“Como consumidores tenemos mucho poder para cambiar el mundo por el mero hecho de ser cuidadosos con lo que compramos” (Emma Watson)
Por Claudia Gómez Montealvo
Durante la semana pasada asistí a varios eventos donde se promovía el consumo de productos locales en la capital potosina, me di cuenta de todas las bondades que tienen estos productos y de la historia que tiene la producción de cada uno de ellos.
El primer evento fue un mercado artesanal en el parque de Morales, donde mujeres emprendedoras presentaron sus productos elaborados en su mayoría manualmente; desde bisutería, accesorios textiles, artesanías, plantas, repostería, etc., en si era un abanico de talento en un espacio físico abierto al público de una manera muy bien organizada.
Estas acciones colectivas me invitaron a reflexionar que el adquirir un producto elaborado en nuestra localidad tiene muchas ventajas; es un producto realizado, confeccionado, transformado por manos que quieren emprender, que cuidan cada detalle y ponen su máximo empeño en presentar lo mejor al consumidor.
El consumir un producto local, elaborado en la región que vivimos va poco a poco tomando tendencia, no hay que tomarlo como algo novedoso, el movimiento no es nuevo, surge en Estados Unidos mejor conocido como el Local First.

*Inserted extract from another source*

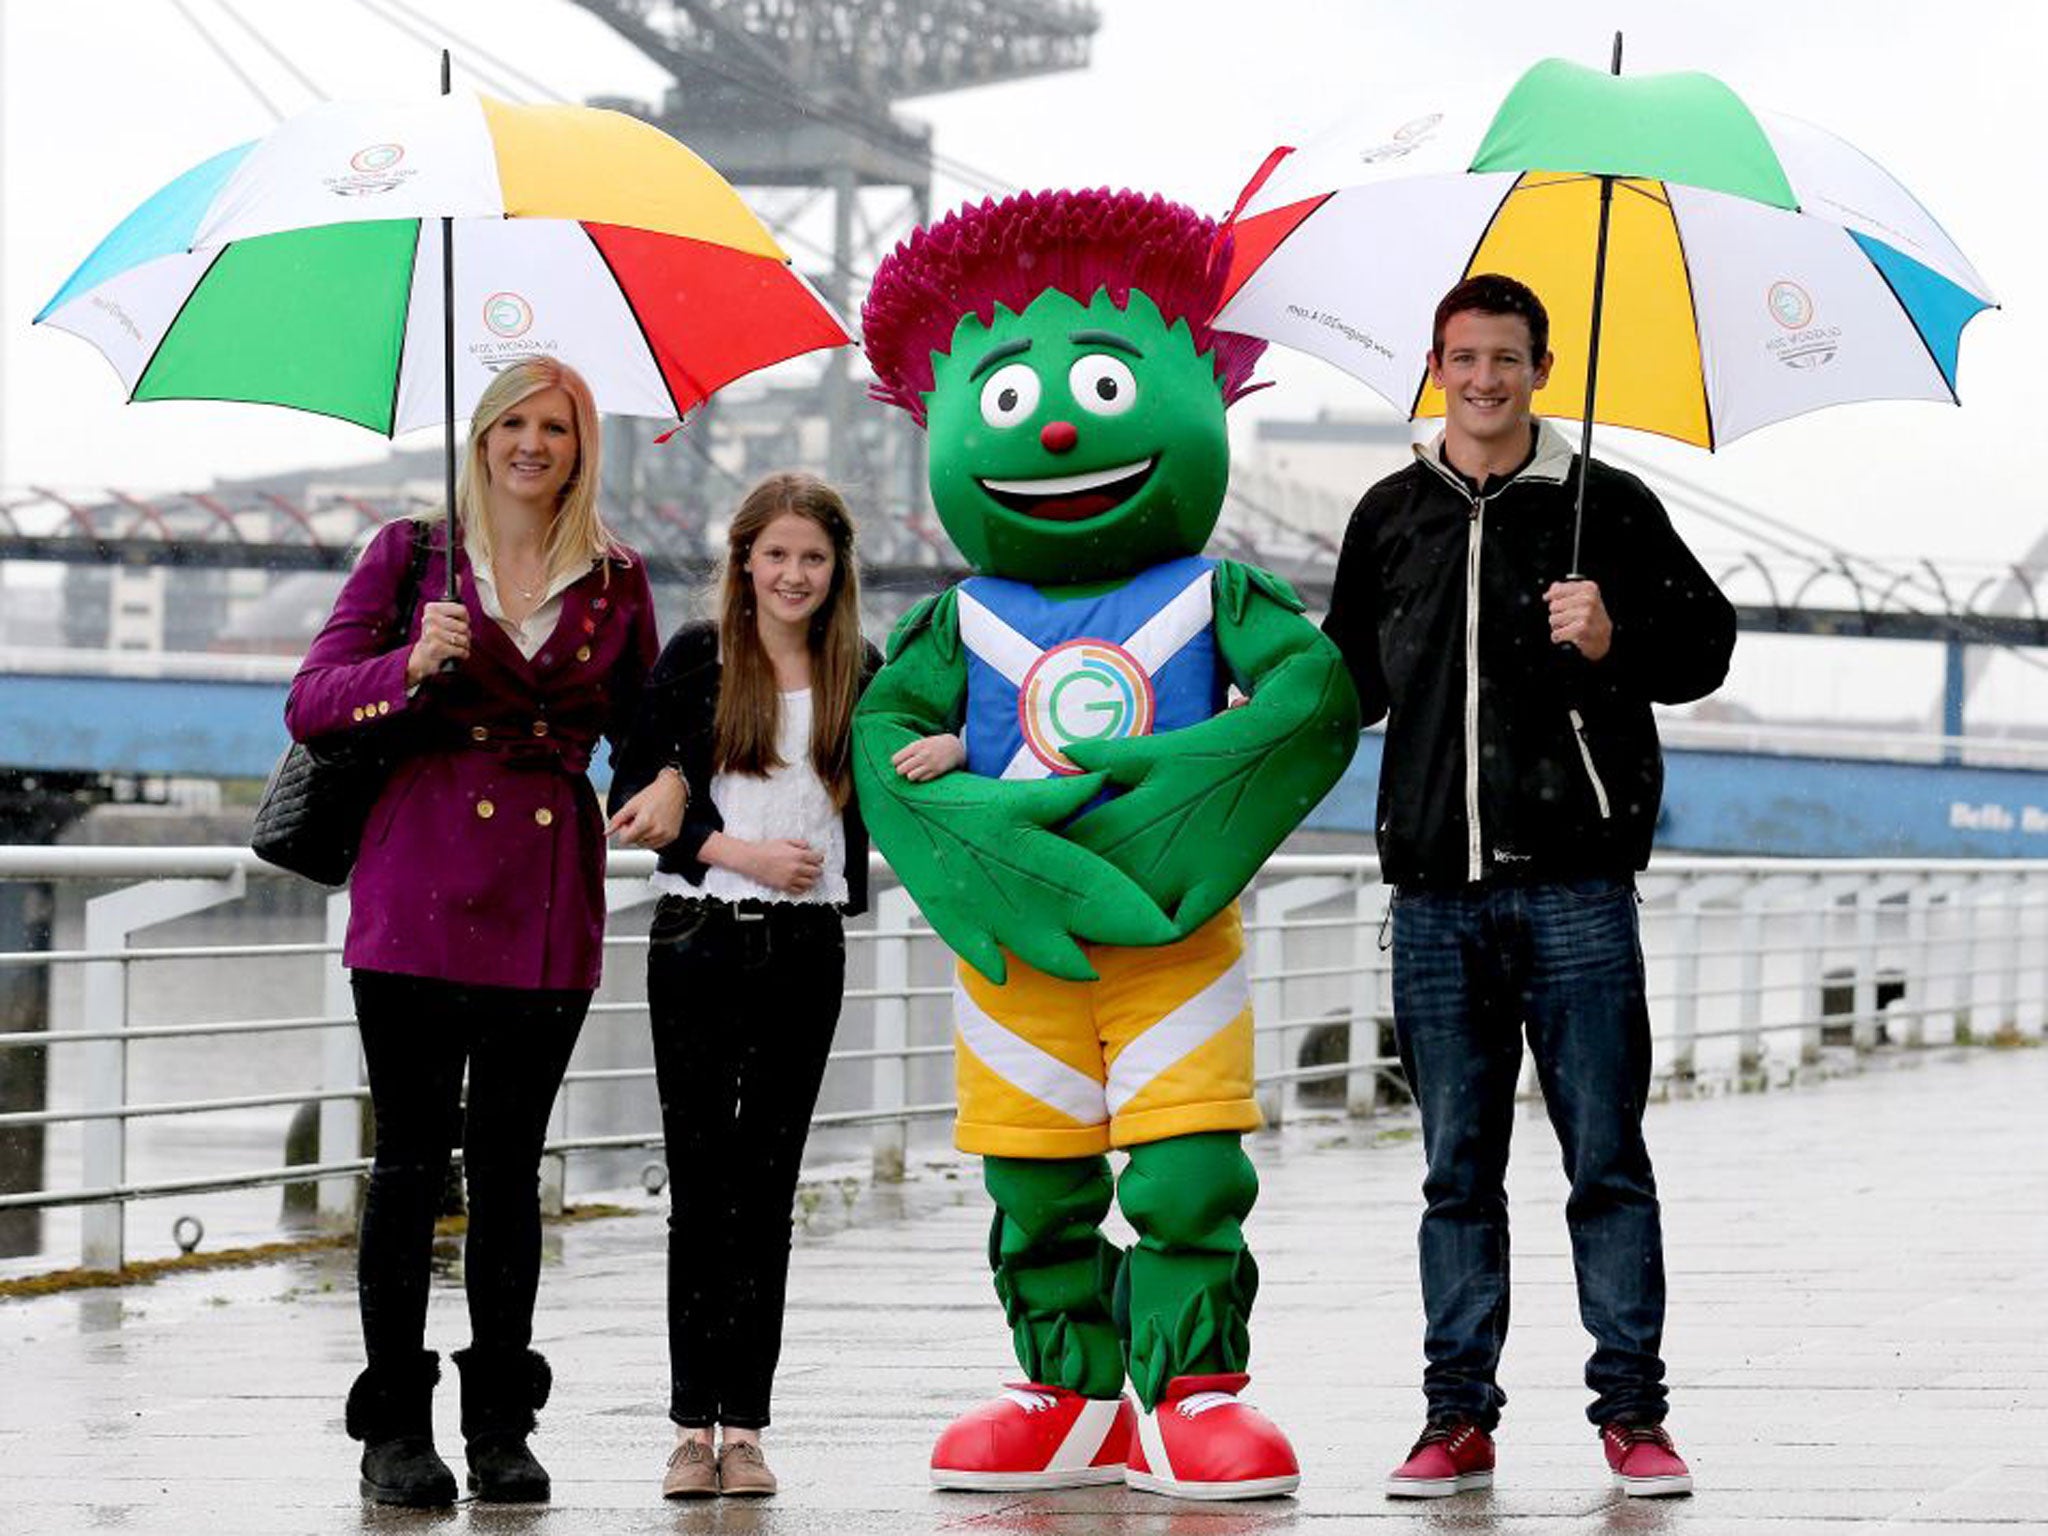 Beth Gilmour, Designer of the Commonwealth Games Mascot
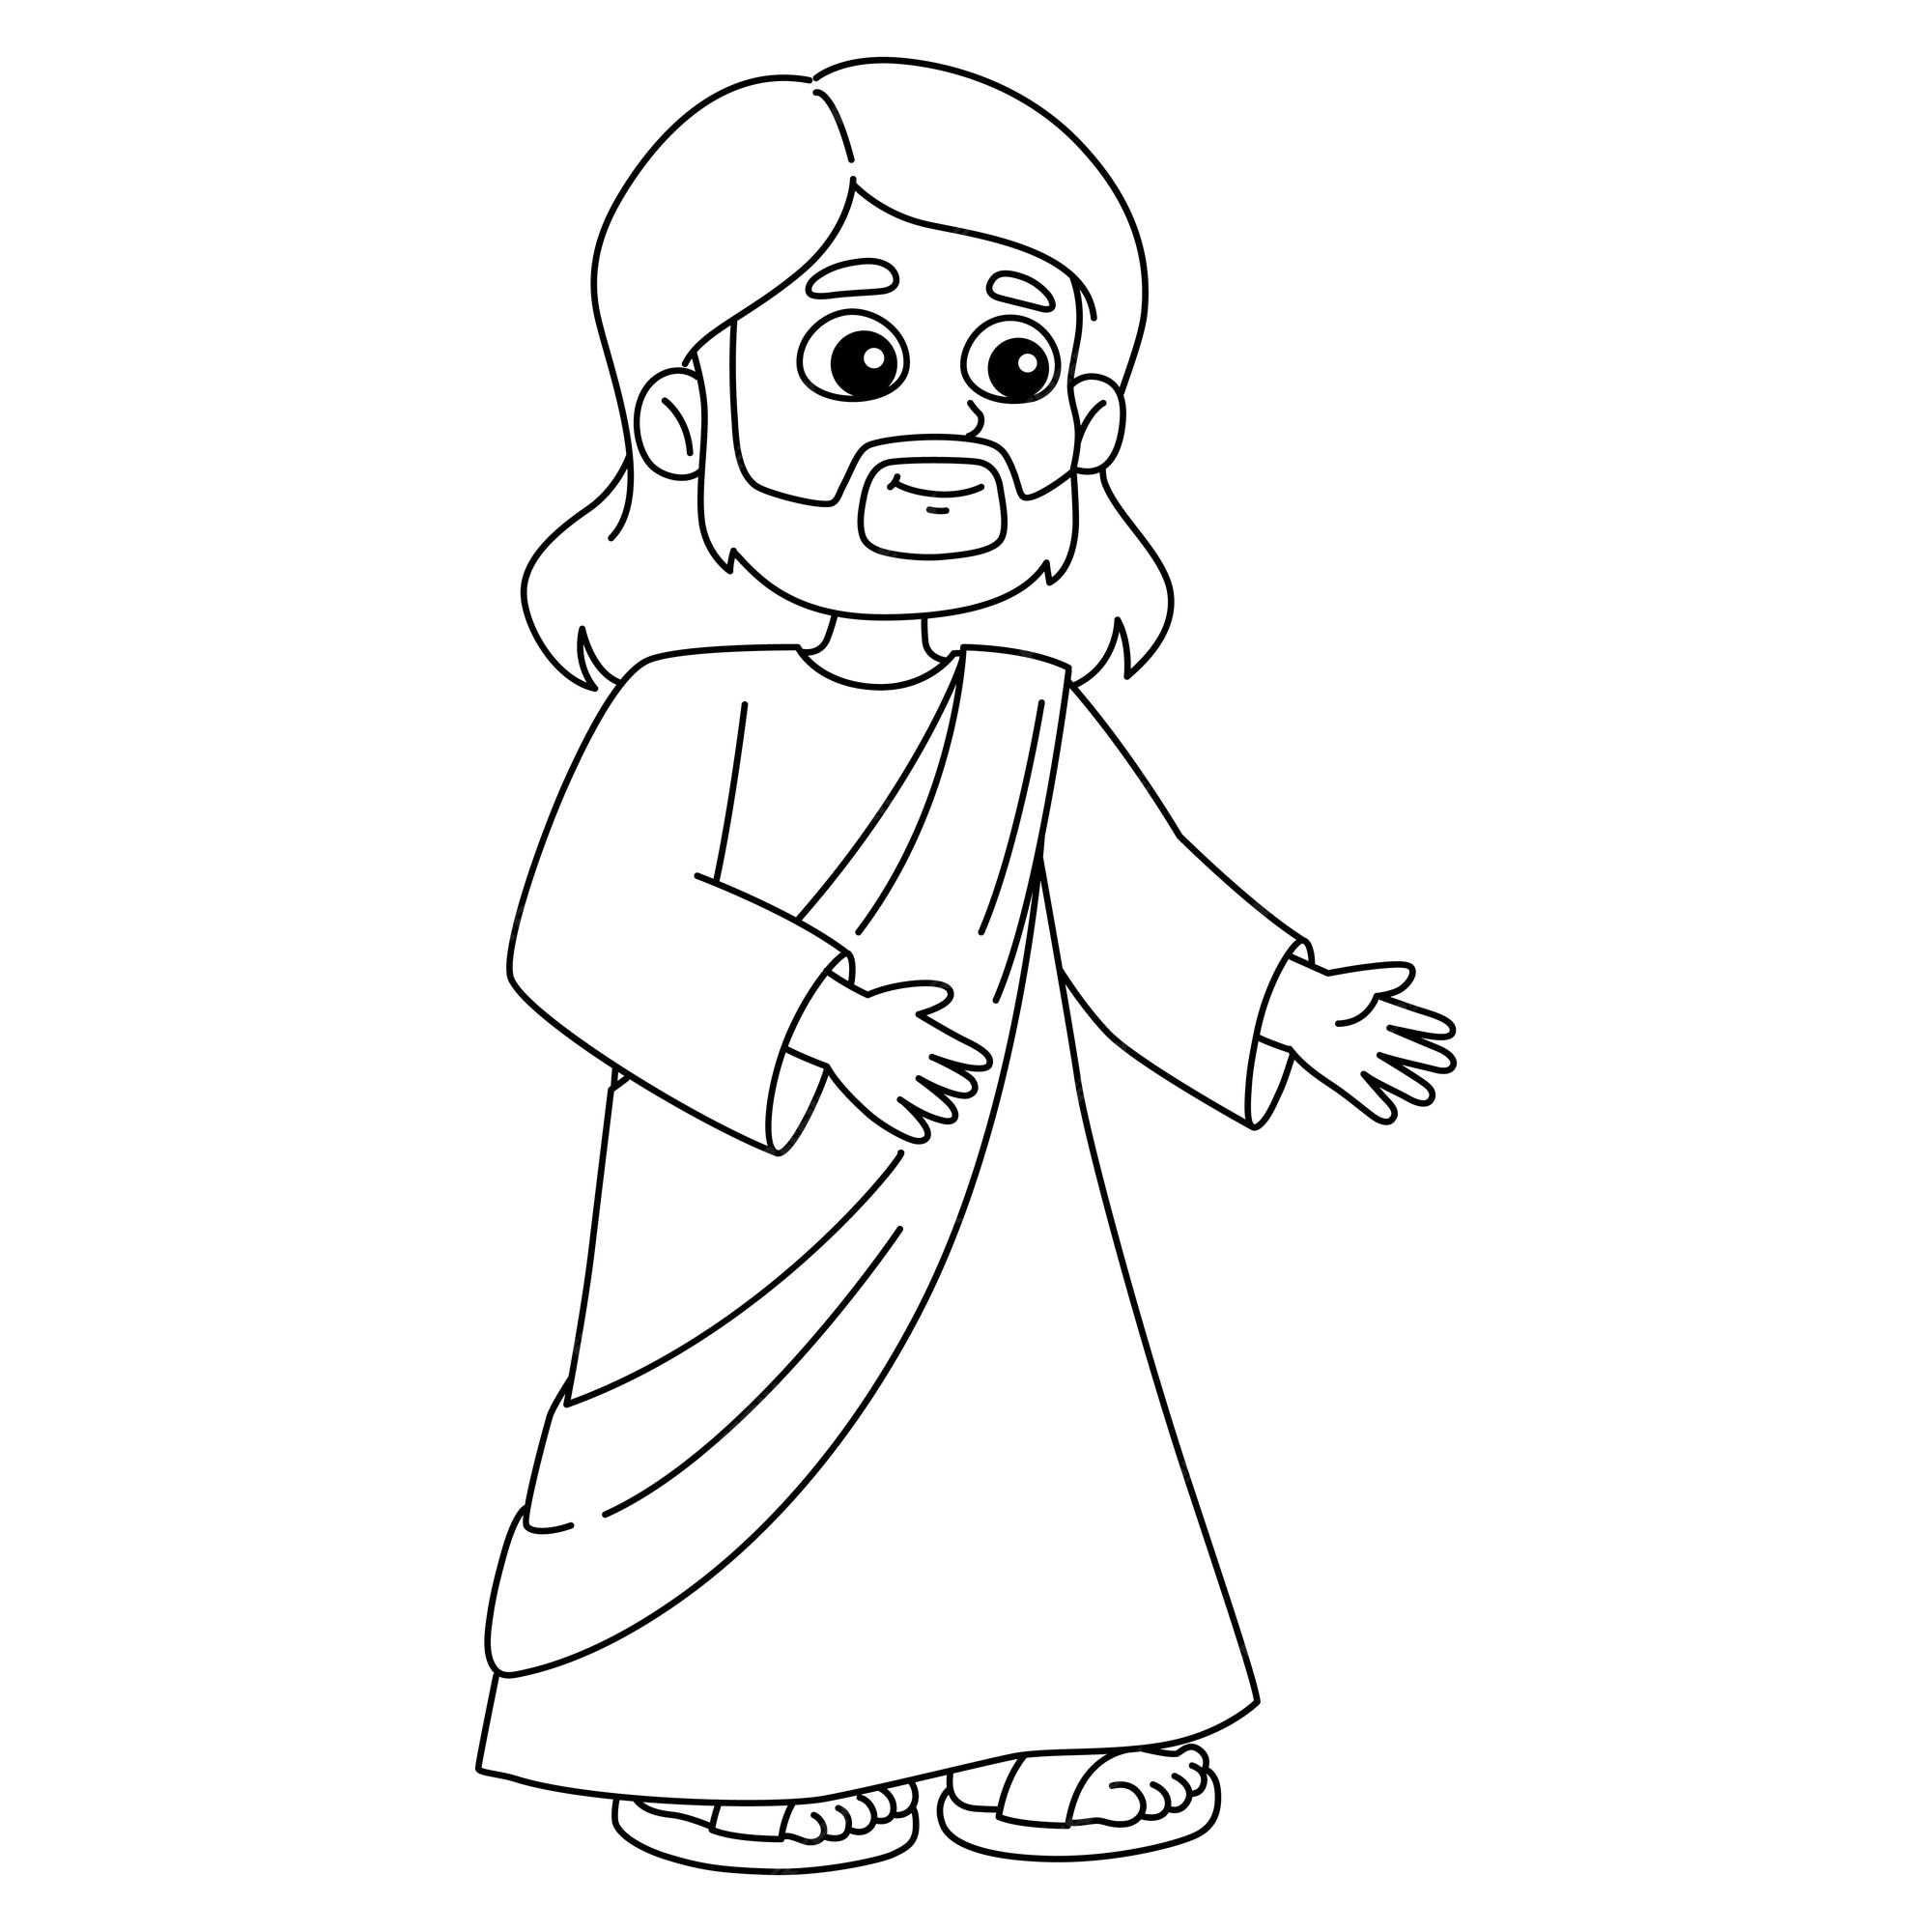 Premium vector jesus the messiah isolated coloring page for kids

Posteriormente se dio en Francia y adaptaron el concepto por toda Europa. Estos movimientos fueron principalmente enfocados al consumo de alimentos como verduras y frutas frescas.
El segundo lugar que visité no por invitación, sino por curiosidad, se dio al transitar por una calle del jardín de Tequis, donde en una casa antigua se realizaba un bazar, mis acompañantes sugirieron entrar más que nada inquietaba el conocer la arquitectura de la propiedad y ver qué productos había en ese lugar.
El bazar exponía prendas desde nuevas y aquellas conocidas por mi generación de segunda mano, que ahora integran el movimiento upcycling y que motivan la economía circular. También se promovía el consumo de productos amables con el medio ambiente, sobre todo aquellos asociados al mercado de la belleza y cosmetología.
Con toda honestidad, estos lugares movieron mi perspectiva, en el aspecto textil, decidí reciclar más mis prendas y comprar a aquellos pequeños emprendedores-artesanos alguna pieza, pues al consumir algo creado por ellos, impulsamos la economía de la localidad y generamos trabajo.
Si bien, existen muchos aspectos que intervienen en la compra de un producto, como son los gustos personales y el poder adquisitivo, sin olvidar que el contexto social de la ciudad y el país influyen mucho en la compra de cualquier artículo. El alentar el consumo de productos locales, nos hace solidarios con los que viven alrededor nuestro, nos hace promotores de negocios que comienzan en casa, en un sueño e inquietud de algunos por incidir de forma benéfica en nuestra comunidad.
Hay que consumirles a nuestros vecinos, amigos, conocidos…a los nuestros, no en vano las grandes potencias consumen local y de manera responsable, por lo que su economía se diversifica.
A nuestros productores locales no hay que verlos como informales, hay que brindarles herramientas e incentivos para que poco a poco se establezcan como formales, son una forma alternativa de generar comunidad para resurgir nuestras raíces en aras de comenzar a diseñar un nuevo mundo desde lo local.